Hyperspectal images require complex processing before practical use. One of the important goals of hyperspectral imaging is to obtain the images of reflectance spectrum. A raw image obtained by hyperspectral remote sensing usually undergoes conversion to a physical quantity representing the intensity of light energy, called radiance. In order to obtain the reflectance spectrum of surface, the contribution of atmosphere needs to be addressed and then divided by a spectrum of ``white reference.\u27\u27 Furthermore, the obtained reflectance spectra of image pixels are likely to be the mixtures of multiple species due to limited spatial resolution from orbits around planets.

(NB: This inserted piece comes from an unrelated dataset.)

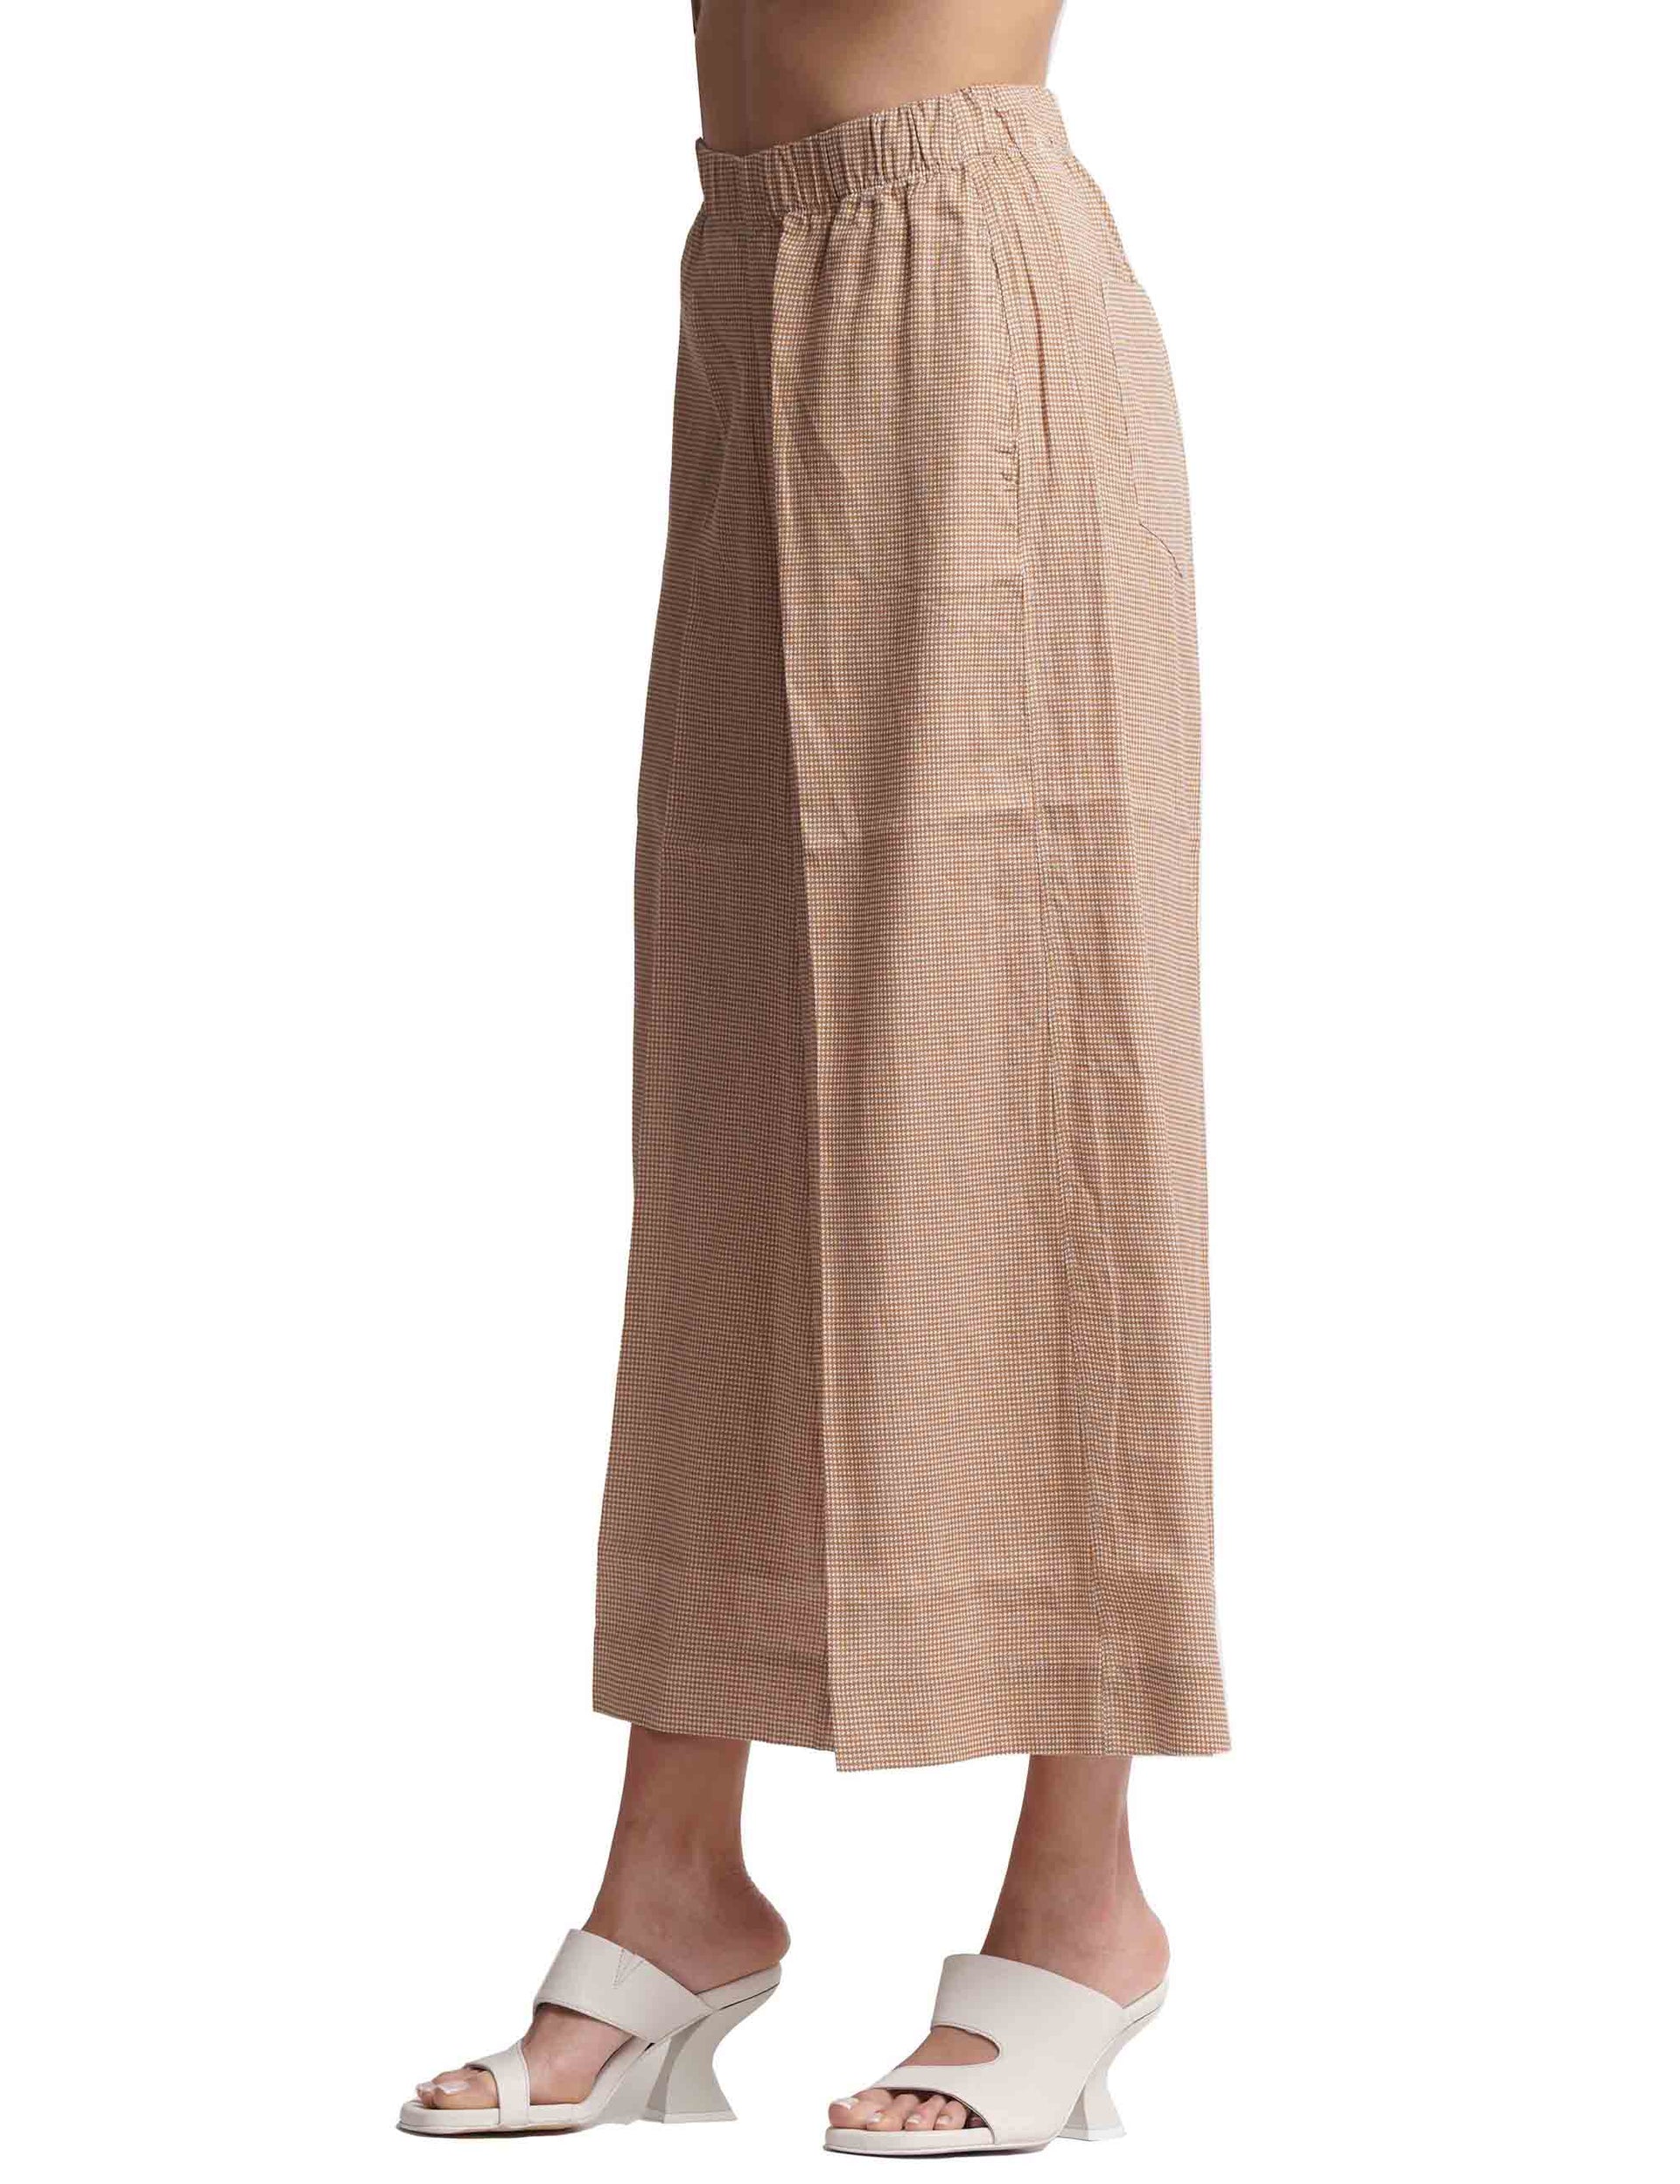 Women's wide-leg camel pure linen trousers with elastic waist

Hyperspectral unmixing is an attempt to unmix those pixels - to identify substantial components and estimate their fractional abundances. Hyperspectral unmixing has been widely explored in the literature, but there are still many aspects yet to be studied. The majority of research focuses on the development of methods to retrieve correct substantial components and accurate fractional abundances. Their theoretical aspects are rarely investigated. Chapter 2 will pursue a theoretical aspect of sparse unmixing, one of the hyperspectral unmixing problems and derive its theoretical conditions that guarantee the correct identification of substantial components.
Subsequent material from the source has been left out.